Read through to the end for an amazing Toto reference.


It's now been a week since I stepped foot on the African continent for the first time in my life. I first visited Johannesburg, where my dad and I spent a day on an 'apartheid tour.'

This tour consisted of visiting Shanty Town, one of the poorest communities in South Africa. The living conditions were indeed different. They had to steal electricity through homemade wires connected to the telephone poles. They had only a few porta potties for ten families to share. They had several spickets to obtain fresh water from. There was no heating in the houses, which were made from pieces of painted aluminum.

Such inconvenient circumstances have come from years of oppression towards black people in South Africa. It was incredibly sad to know that these problems still exist and that apartheid only ended so recently.

On the other hand, the people showed very little anger. Despite their living situations, the people of Shanty Town were so kind and welcoming. Everyone we passed smiled and waved, often even saying hello or asking about our wellbeing.

It brought some serious warmth to our hearts to see their sense of community. Everyone was in it together, and no man was left behind. They created jobs and opportunities for one another. They supported each other.

The next part of the day included a tour of Nelson Mandela's old house. We then made a trip to the Apartheid Museum.

Overall, Johannesburg did not disappoint. The city contains a rich history that human beings as a whole can learn a lot from. Johannesburg is a melting pot that still contains a multitude of issues concerning racism and oppression of certain cultures.

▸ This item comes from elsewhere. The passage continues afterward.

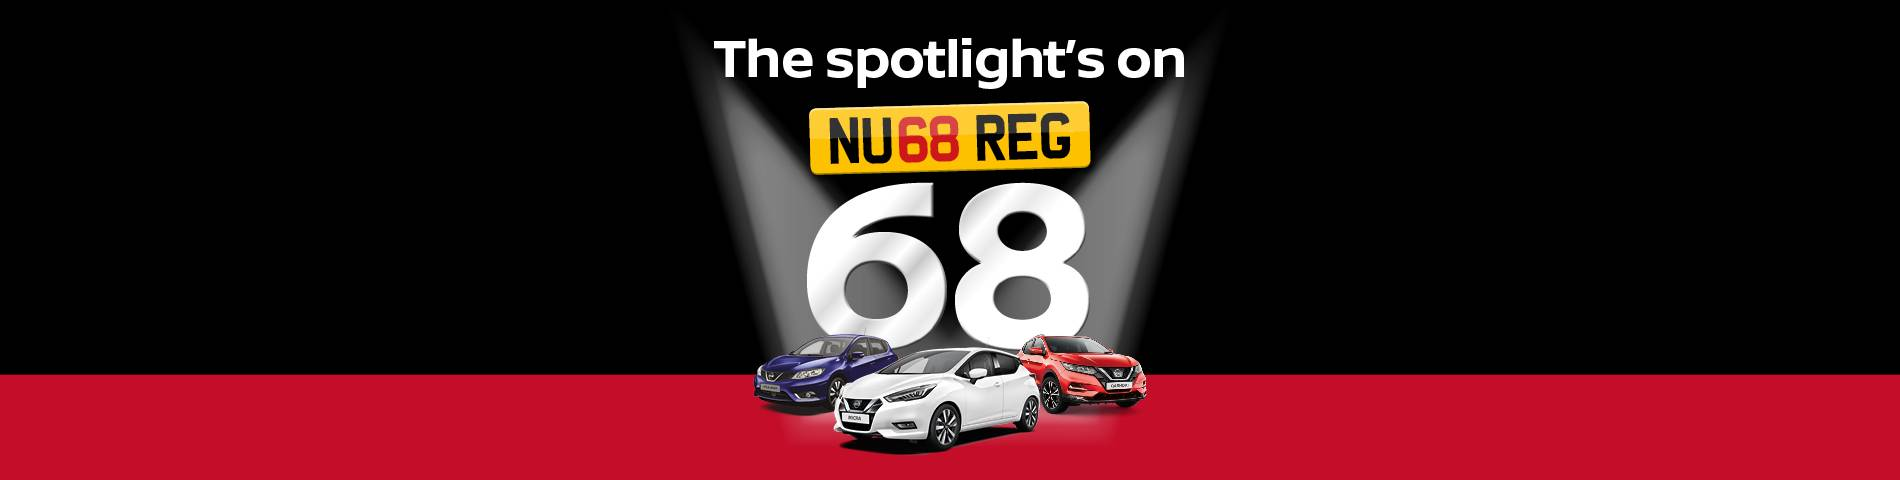 Nissan VIP 68 Reg

After two days in Johannesburg, my family made our way to Madikwe game reserve, where we stayed at Jaci's Lodge.

The safari experience was absolutely incredible. Quite cold (it's winter in Africa right now), but amazing enough to make up for the shivering. We saw all my favorite animals: giraffes galore, elephants, zebras, impalas, lions, hyenas, wildebeests, rhinos, you name it. While my favorite animal will always be the giraffe, I don't think any sighting could beat when two different herds of elephants passed through a watering hole to fuel up on a drink.

Finally on June 1st, I flew to George to start my program with Africa Media in Mossel Bay. On Sunday, we went on an 'elephant walk.'

The safari was certainly cool, but that makes the elephant walk ice cold. We got to walk alongside two male elephants - one was 25, the other 18. They were so cute!! We got to stroke their skin, trunk, and tusks. They had their own little personalities and were so excited to receive treats (fruits and vegetables) at the end of the journey.

My heart couldn't be more full. Africa, you have become my favorite continent. And it sure is going to take a lot to drag me away from you.